→ What to produce: Copy out the data below as written; omit any images.

→ Information provided:
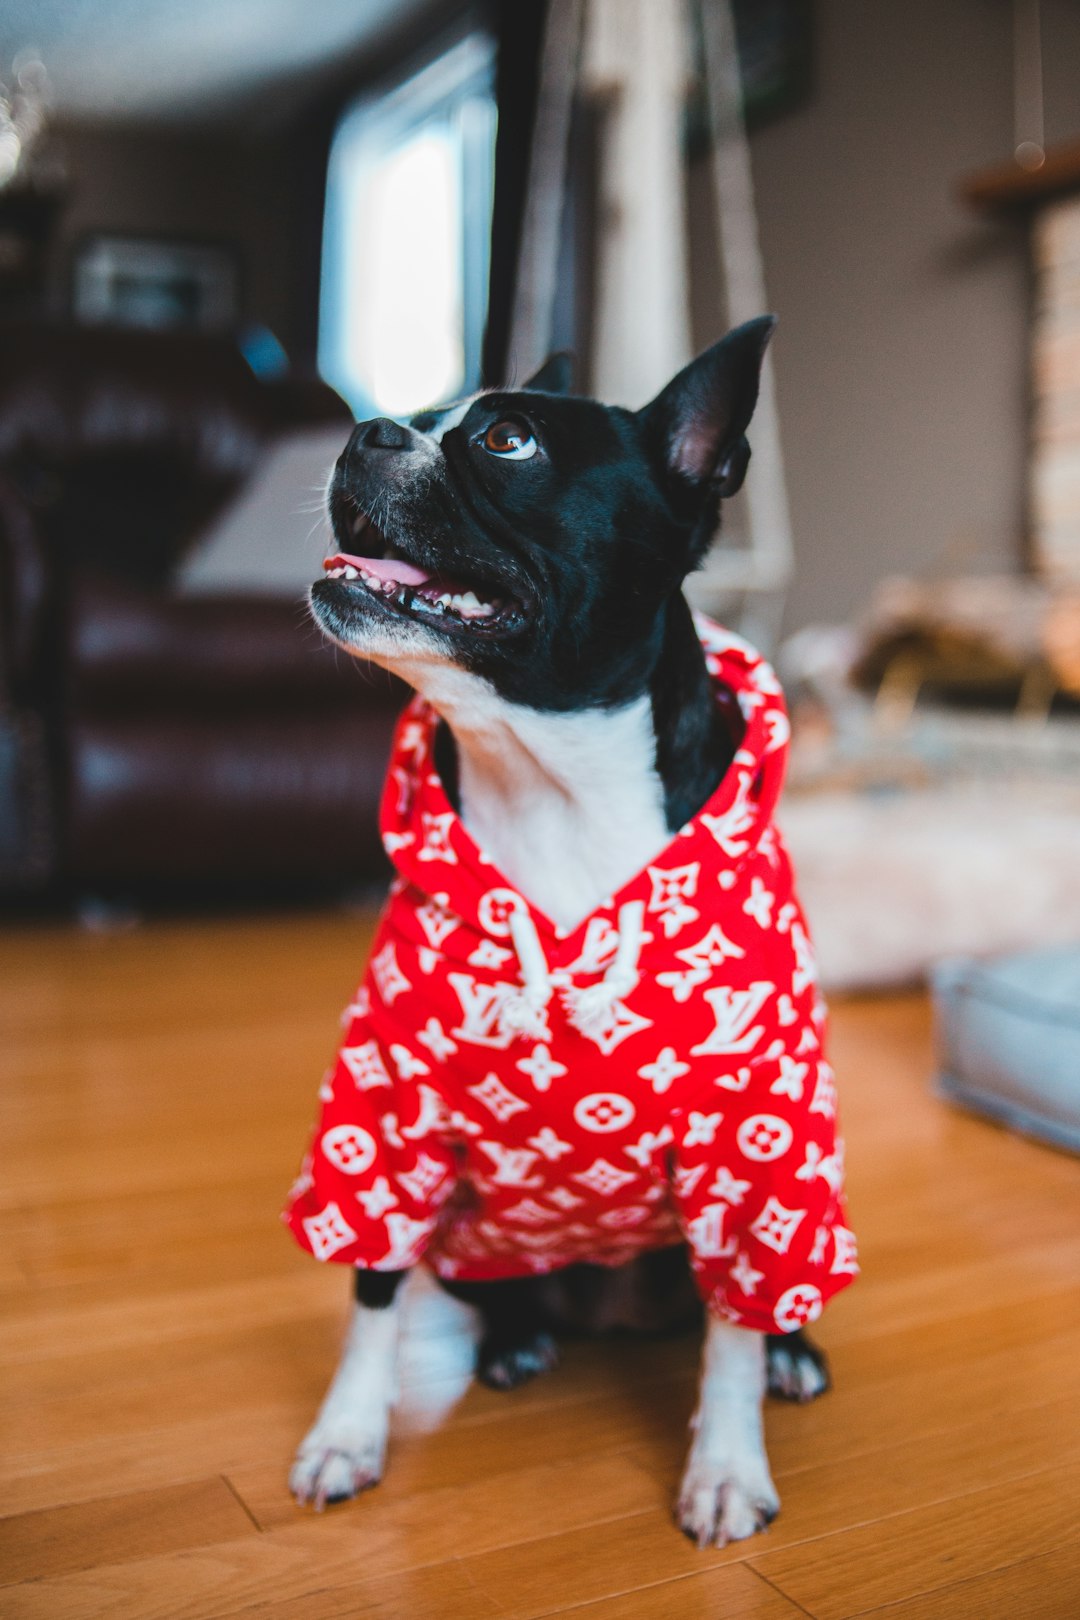 black and white short coated dog wearing red and white polka dot shirt
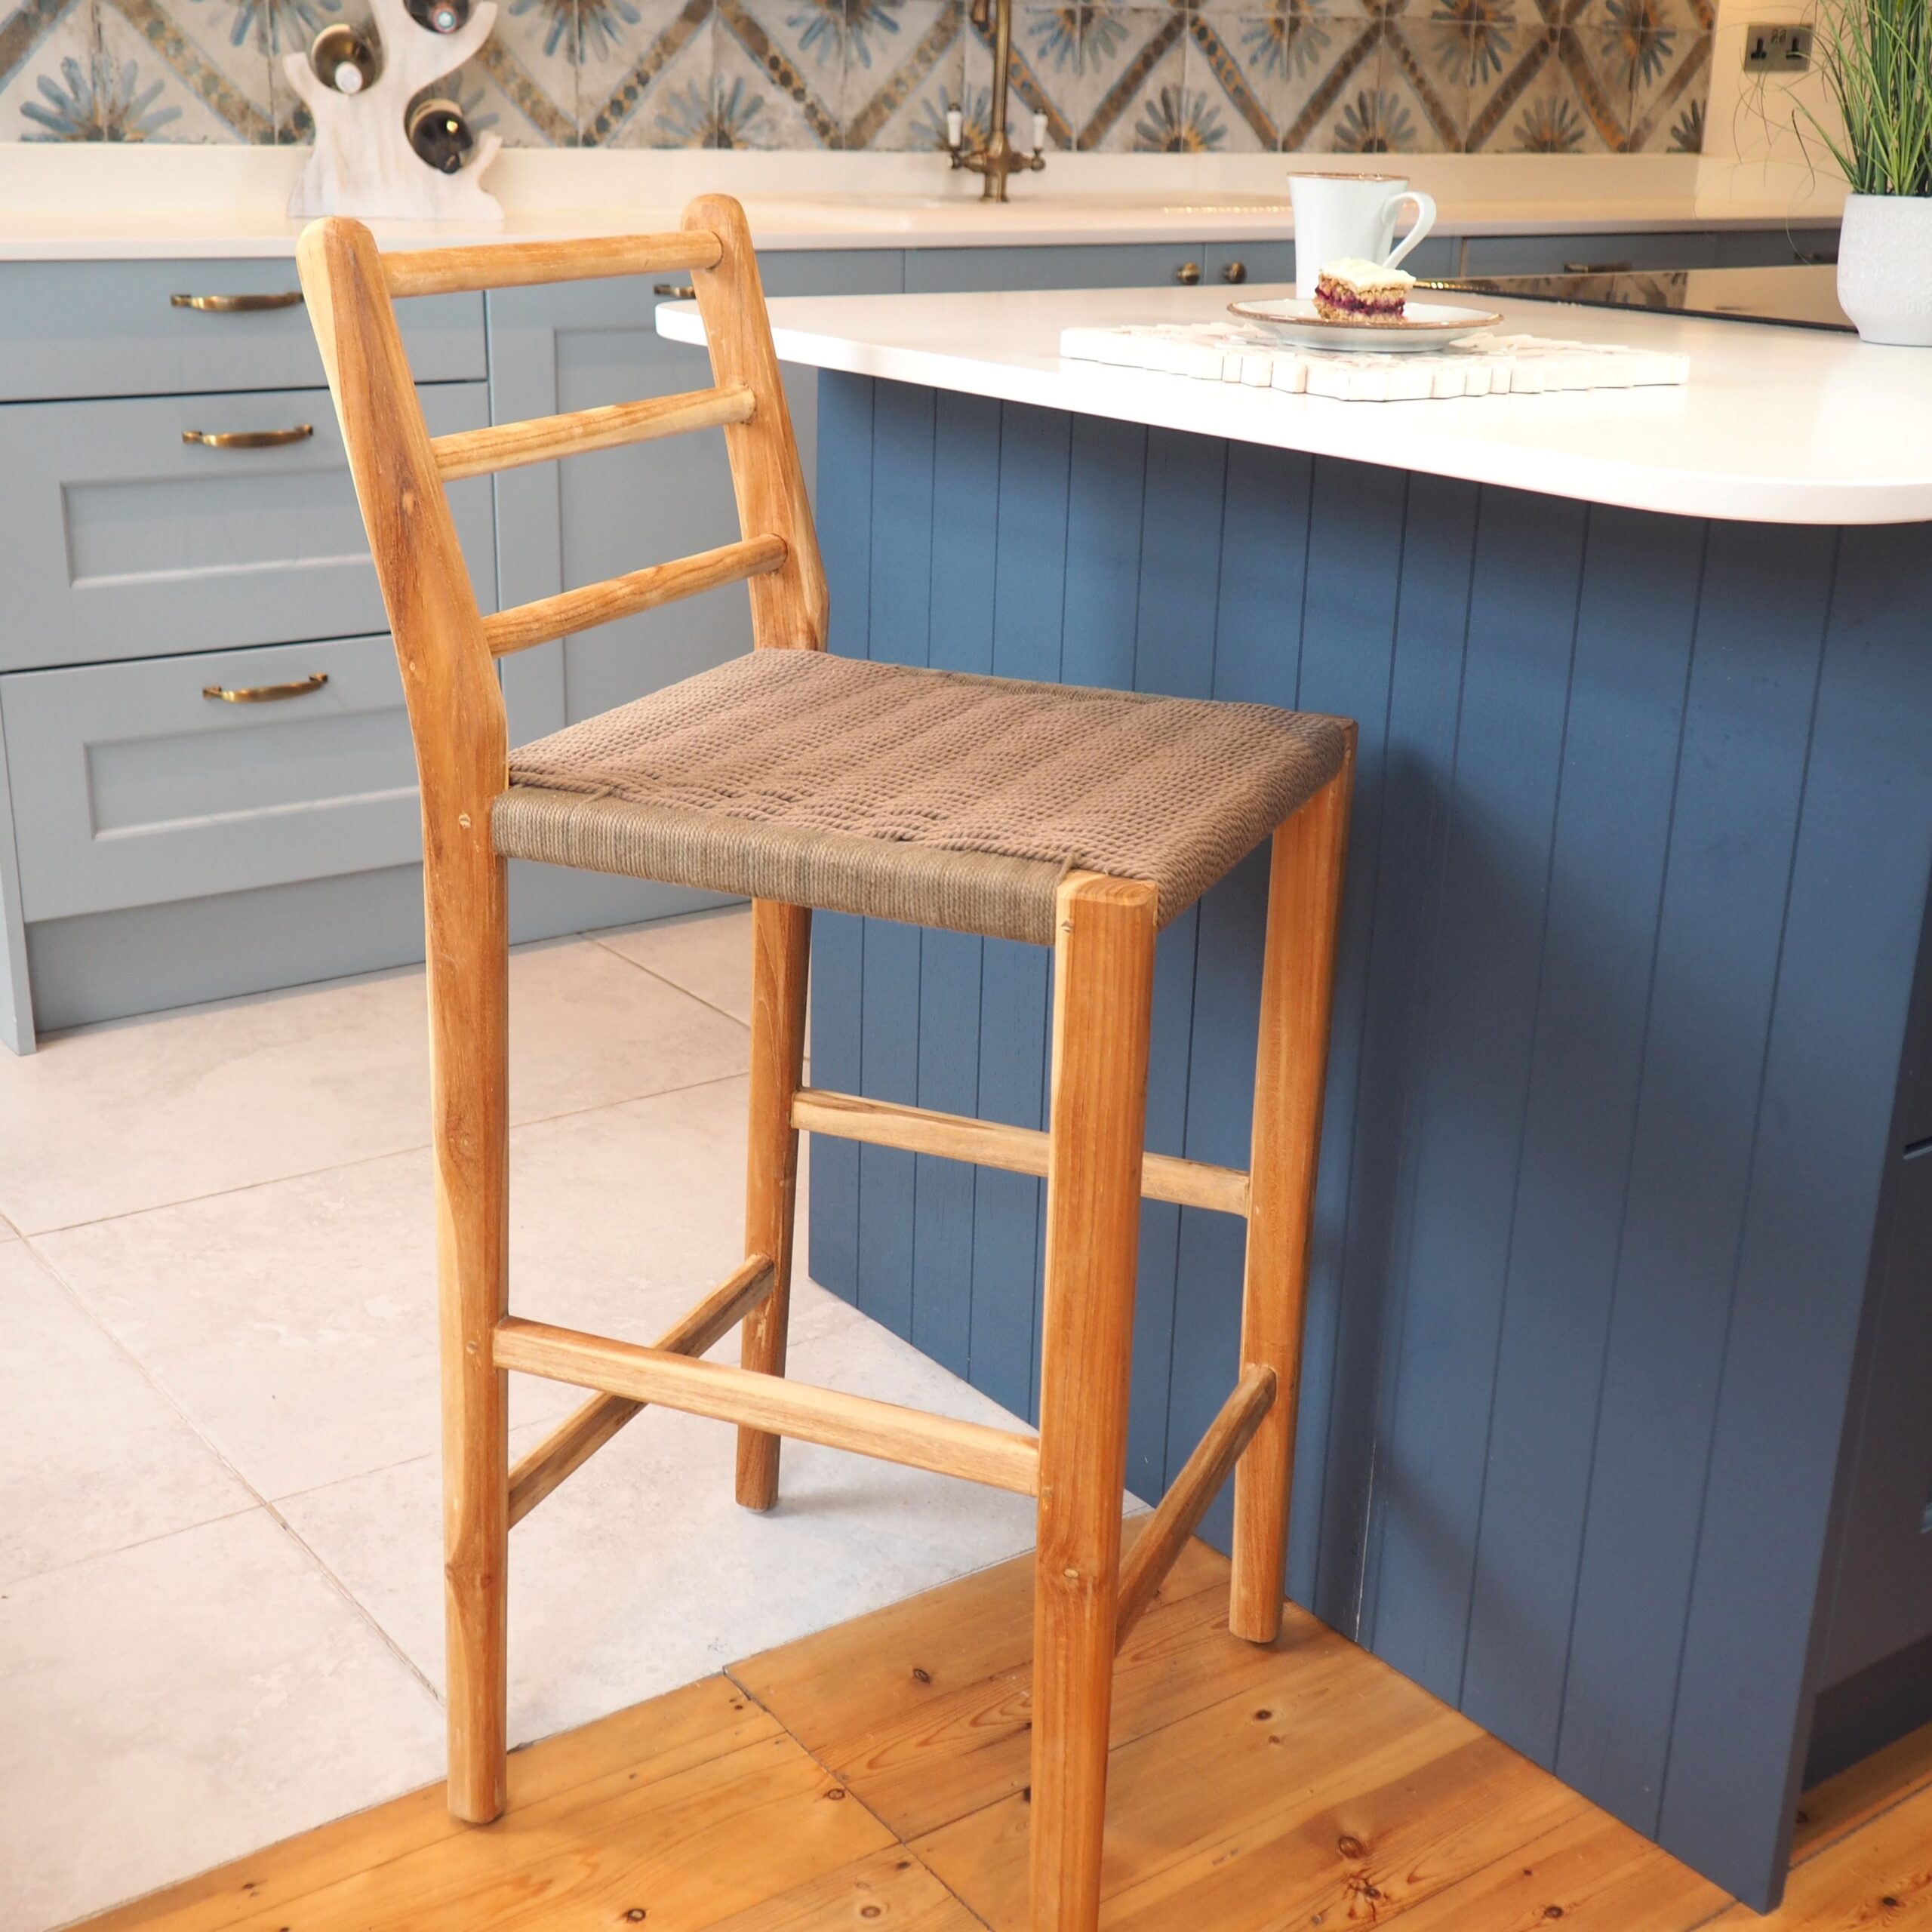 Natural wicker stool in front of blue kitchen island
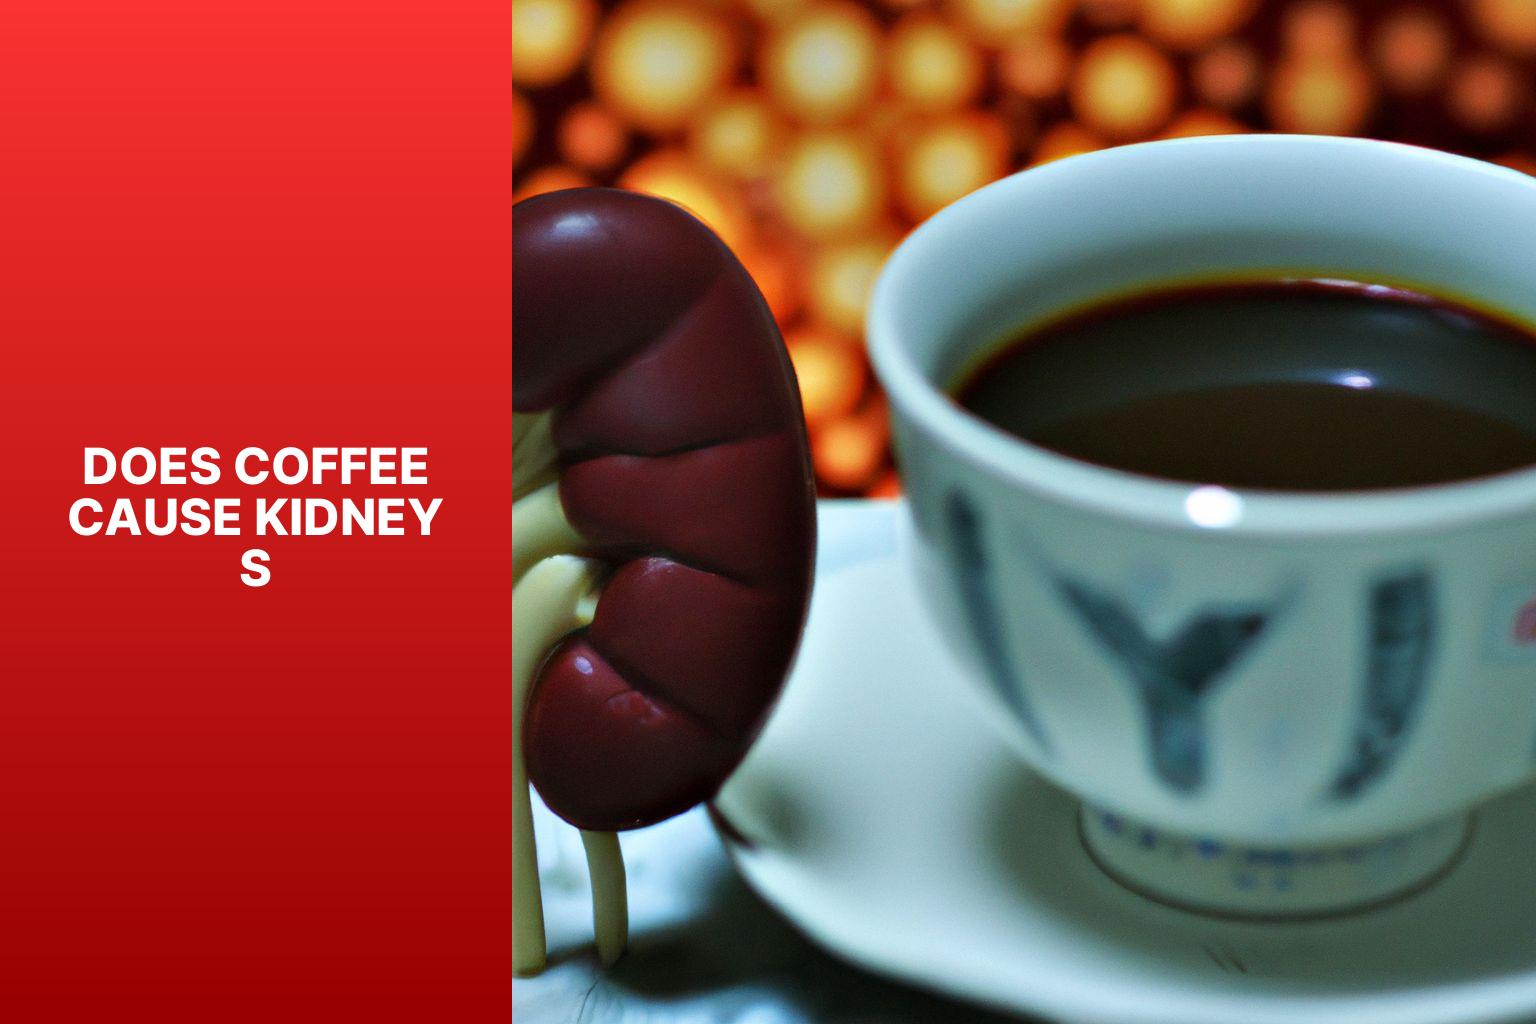 Does Coffee Cause Kidney Stones? Exploring the Science Behind the Claim
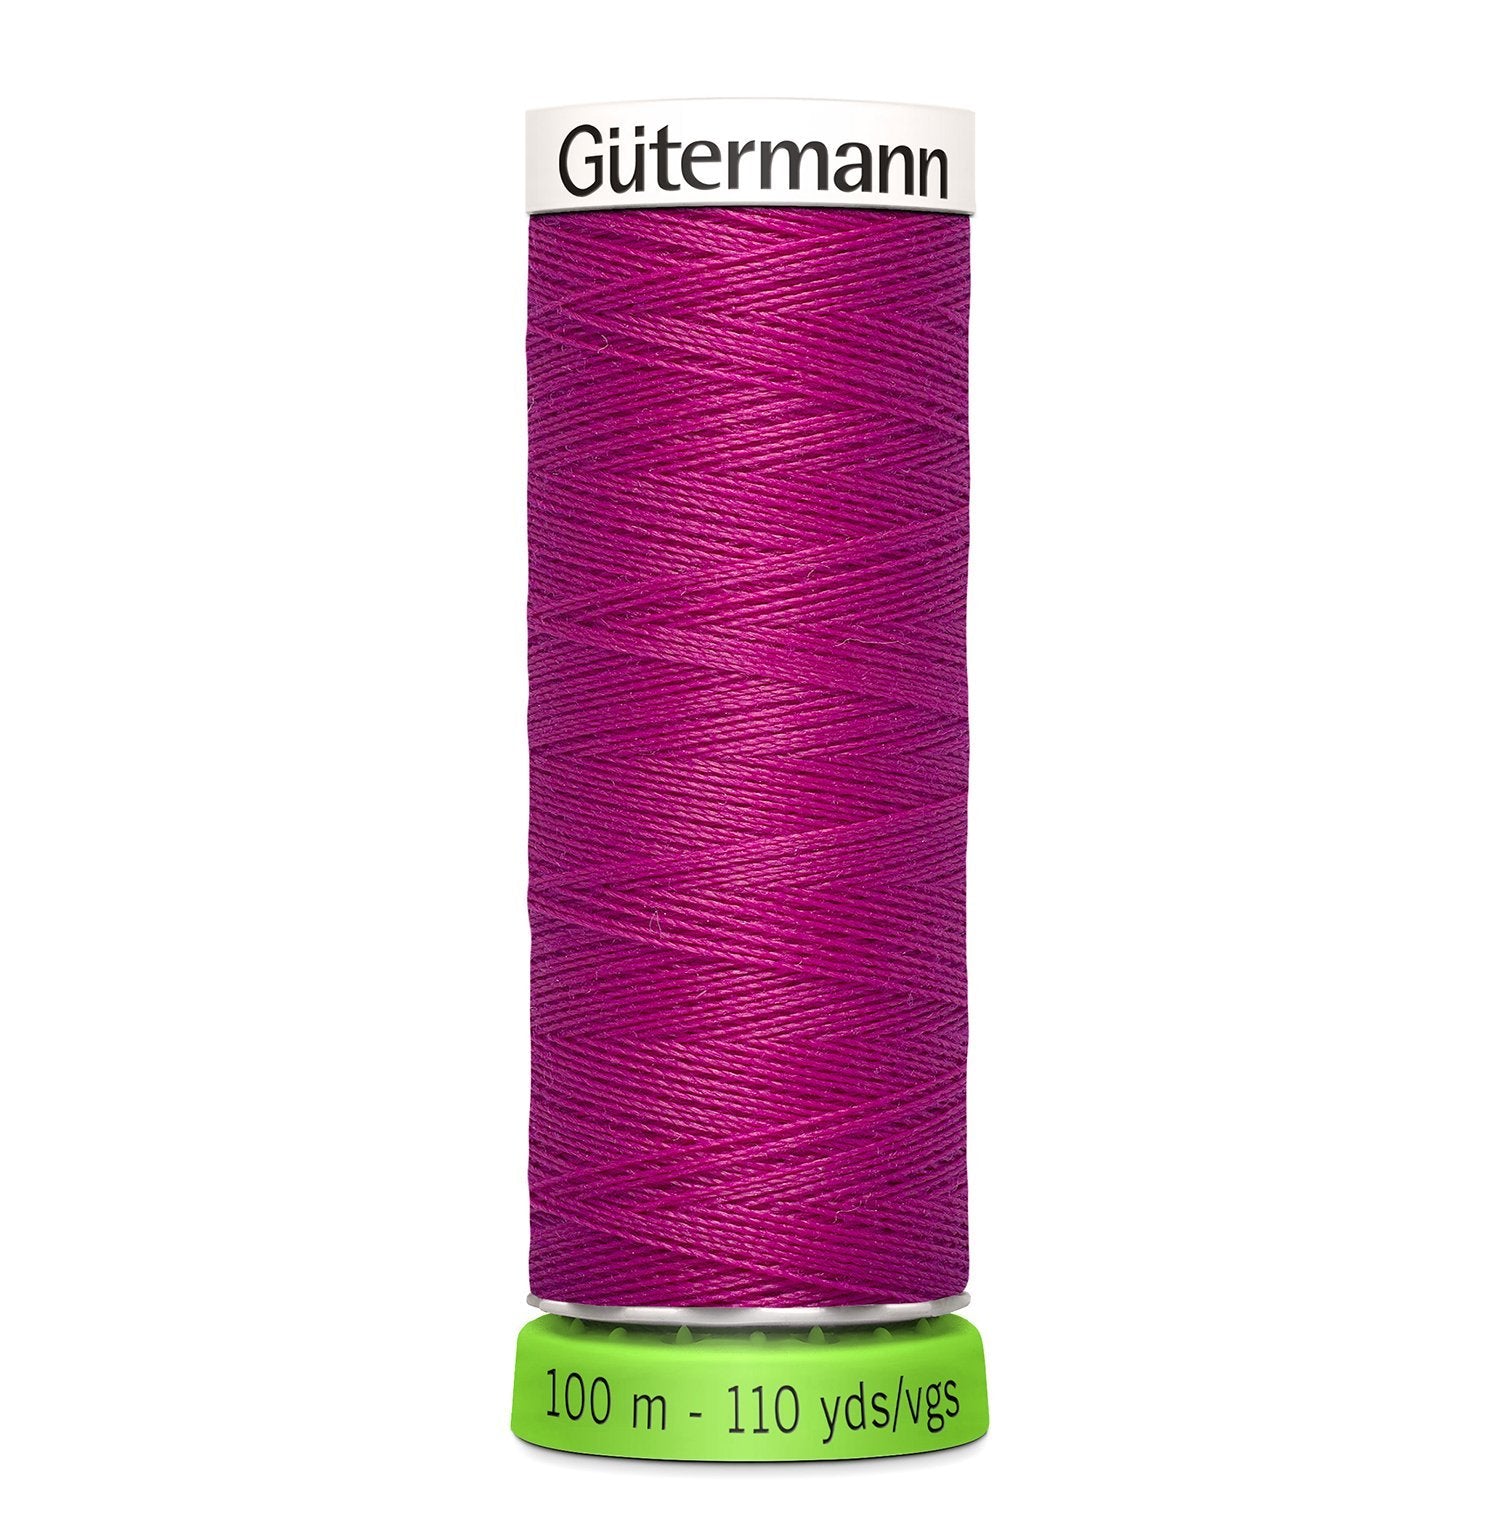 Gutermann Recycled Thread 100m, Colour 877 from Jaycotts Sewing Supplies

→ Your response:
 black and white short coated dog wearing red and white polka dot shirt
 Natural wicker stool in front of blue kitchen island
 Does Coffee Cause Kidney Stones? Exploring the Science Behind the Claim
 Gutermann Recycled Thread 100m, Colour 877 from Jaycotts Sewing Supplies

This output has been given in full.